Xgboost distribute training is slow!

guanxiang · June 19, 2019, 10:18am

i add some debug code to analyze the issue, found allreduce synchronization is time-expensive

i tested with 10G-size data, it take 40seconds to run an iteration
and all allreduce time sums up to nearly 20 seconds

so, how to solve this issue? and how to speedup large dataset trainning?
any reply is welcome, thanks!

hcho3 · June 26, 2019, 7:10pm

How many features (columns) does you data have? The amount of AllReduce communication linearly increases with respect to the number of features.

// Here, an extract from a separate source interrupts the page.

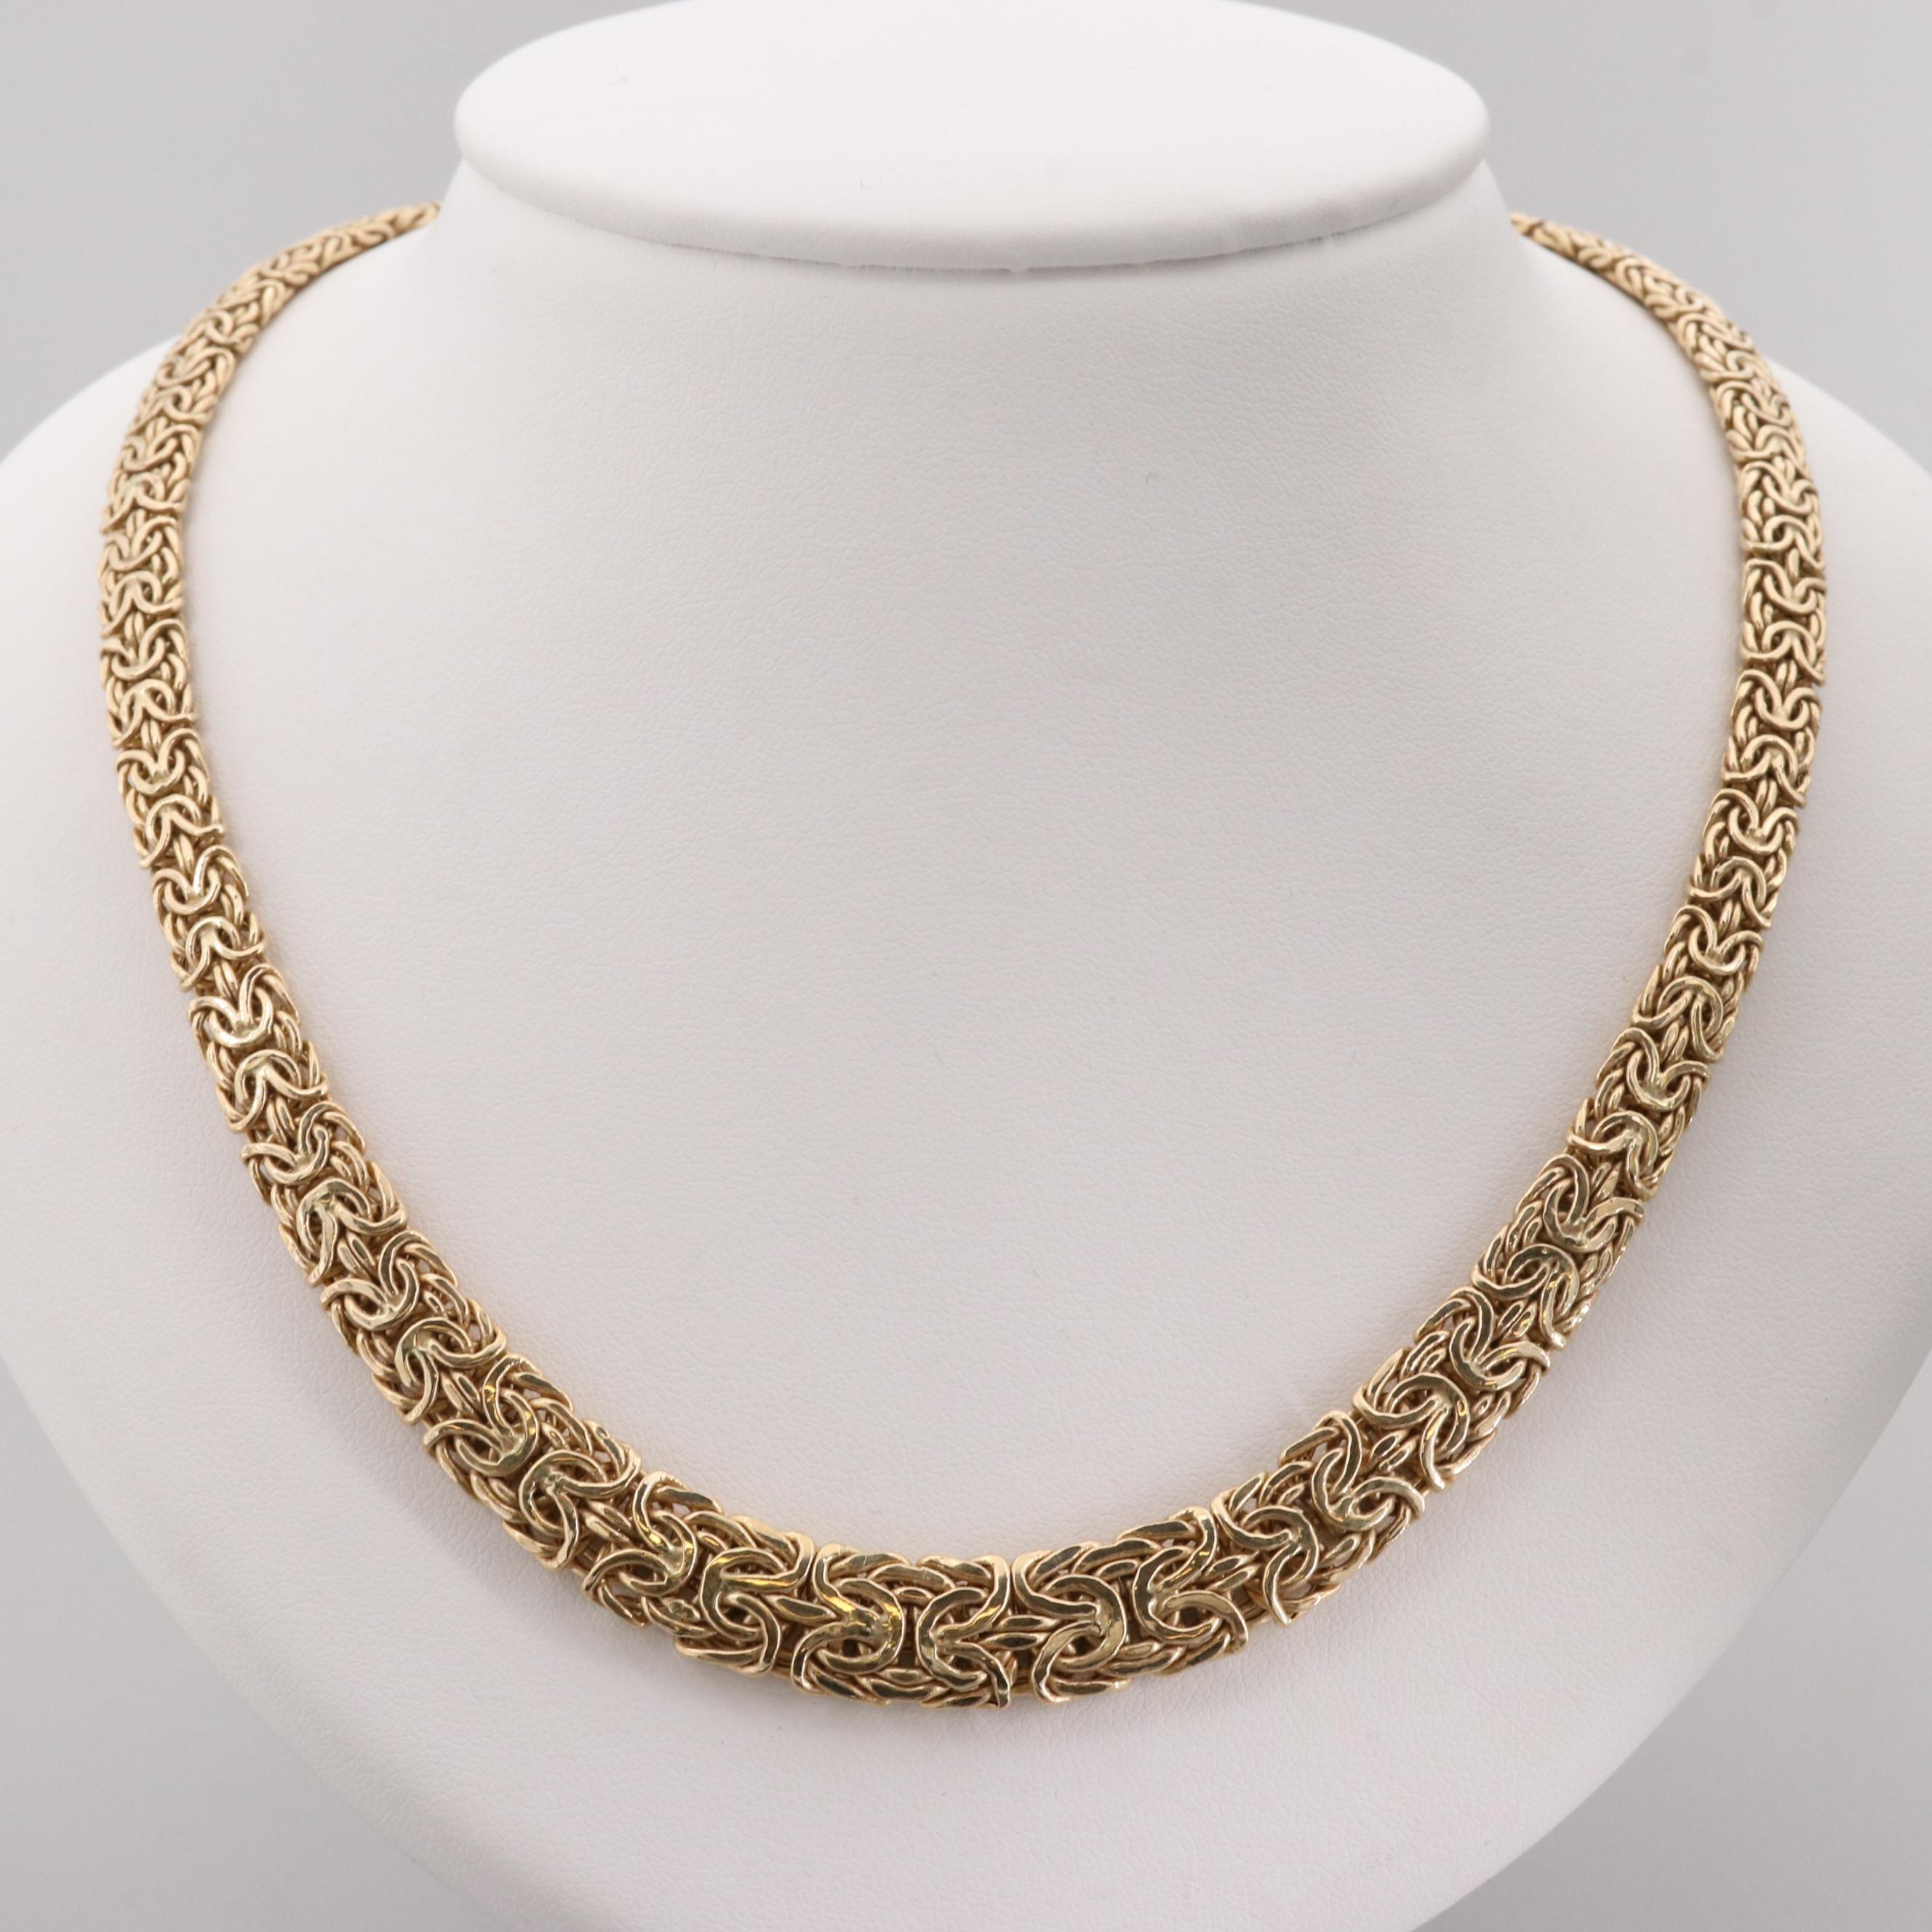 14K Yellow Gold Graduating Byzantine Necklace

guanxiang · June 27, 2019, 2:27am

hi hcho3,

thanks for your reply!
there’re about 50000+ features, with about 300-500 non-zero features.
so is the time is as expected?

thanks!

hcho3 · June 27, 2019, 2:38am

And how many workers are you using?

guanxiang · June 28, 2019, 2:37am

i’ve 1000000 samples, each sample has 300-500 non-zero features(about 50000 total feature, many one-hot code, many float value feature, but about 300-500 non-zero features)

i used 3 workers

hcho3 · June 28, 2019, 2:46am

Are the workers connected through Ethernet? What’s the bandwidth of connection?